Wisconsin Labor and Industry Review Commission --
Summary of Wisconsin Court Decision relating to Unemployment Insurance


Subject:  Wiersma Trucking, Inc. v. Martin B. Cvikel, Sr. and LIRC;  Case No. 00CV486 (Wis. Cir. Ct., Waukesha Co., October 13, 2000)

Digest Codes: MC 662  MC 663  MC 665.04  MC 688.1  MC 699.05

Employee, a truck driver, had a number of property-damage accidents with his employer’s vehicles and was eventually fired when the employer’s insurance carrier told the employer, after another accident involving the employee had been reported to it, that it could no longer provide coverage for the employee as a driver. LID, ATD and LIRC all found no misconduct, reasoning that the evidence showed a less-than-model employee whose performance was not at a satisfactory level but who did not wilfully or substantially disregard the employer’s interests or engage in negligence so gross as to demonstrate equal culpability. The ATD, affirmed by LIRC, held that the employee was not adequately warned, noting that while the employer had asked the employee to try to drive more carefully it had never warned him that his job was in jeopardy. Employer appealed, arguing that the employee’s repeated accidents amounted to misconduct.
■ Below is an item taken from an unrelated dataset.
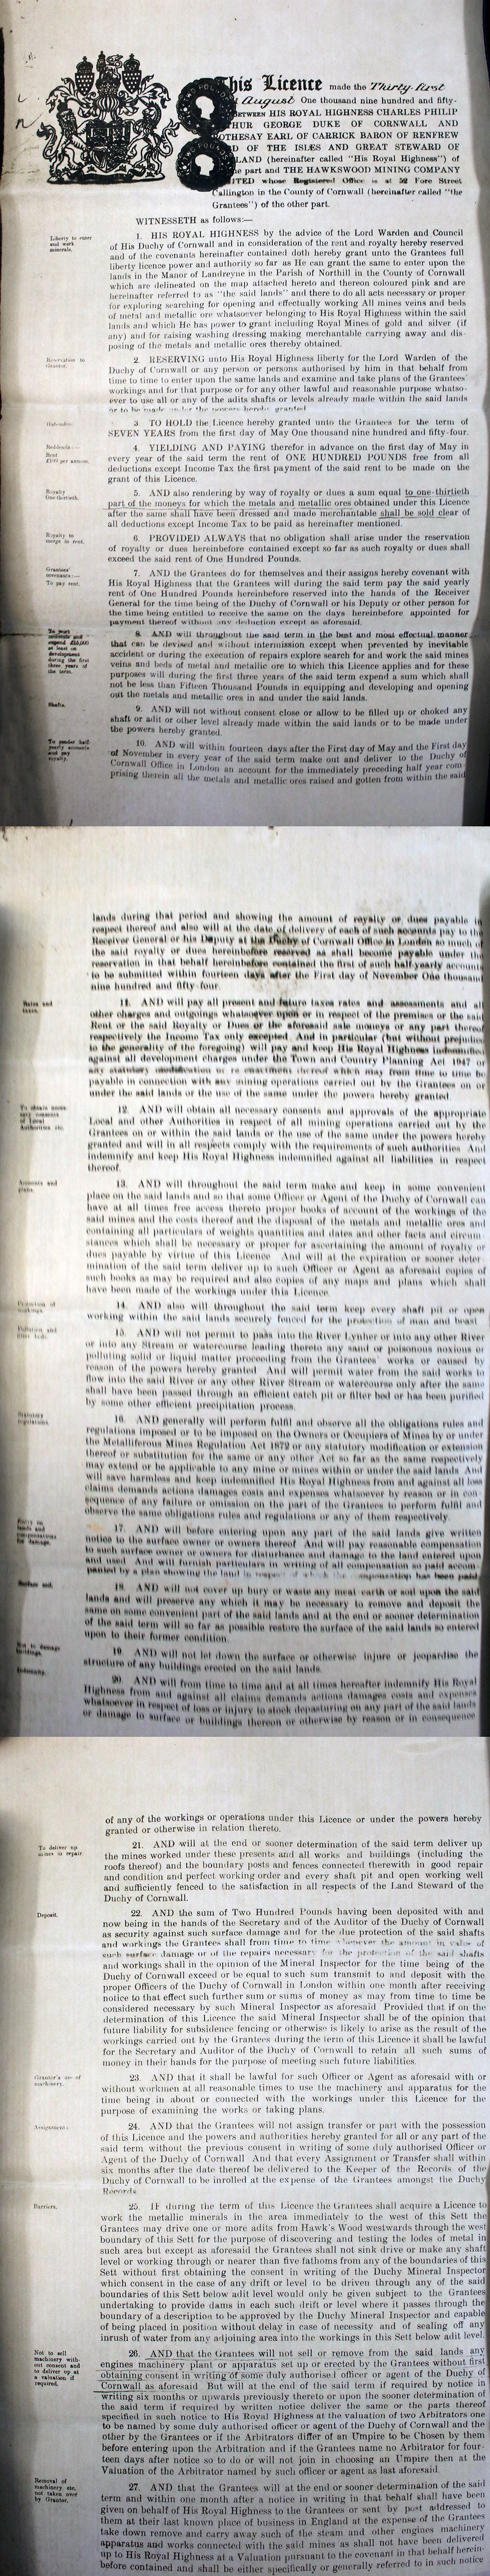 1959 Hawkswood Mine Agreement

Held:  Affirmed. The court agrees that the employee was not adequately warned because he was not specifically told that his job was in jeopardy. He was never given any written warnings of impending termination, nor did the employer do anything except to tell him to be more careful. The court also agreed that the employer’s complaints paint a picture of a less-than-model employee, but there was no evidence of wilfulness or wantonness in his actions. The court will not substitute its judgment for that of the ALJ who saw the employee testify, on the crucial question of the employee’s attitude.


Please note that this is a summary prepared by staff of the commission, not a verbatim reproduction of the court decision.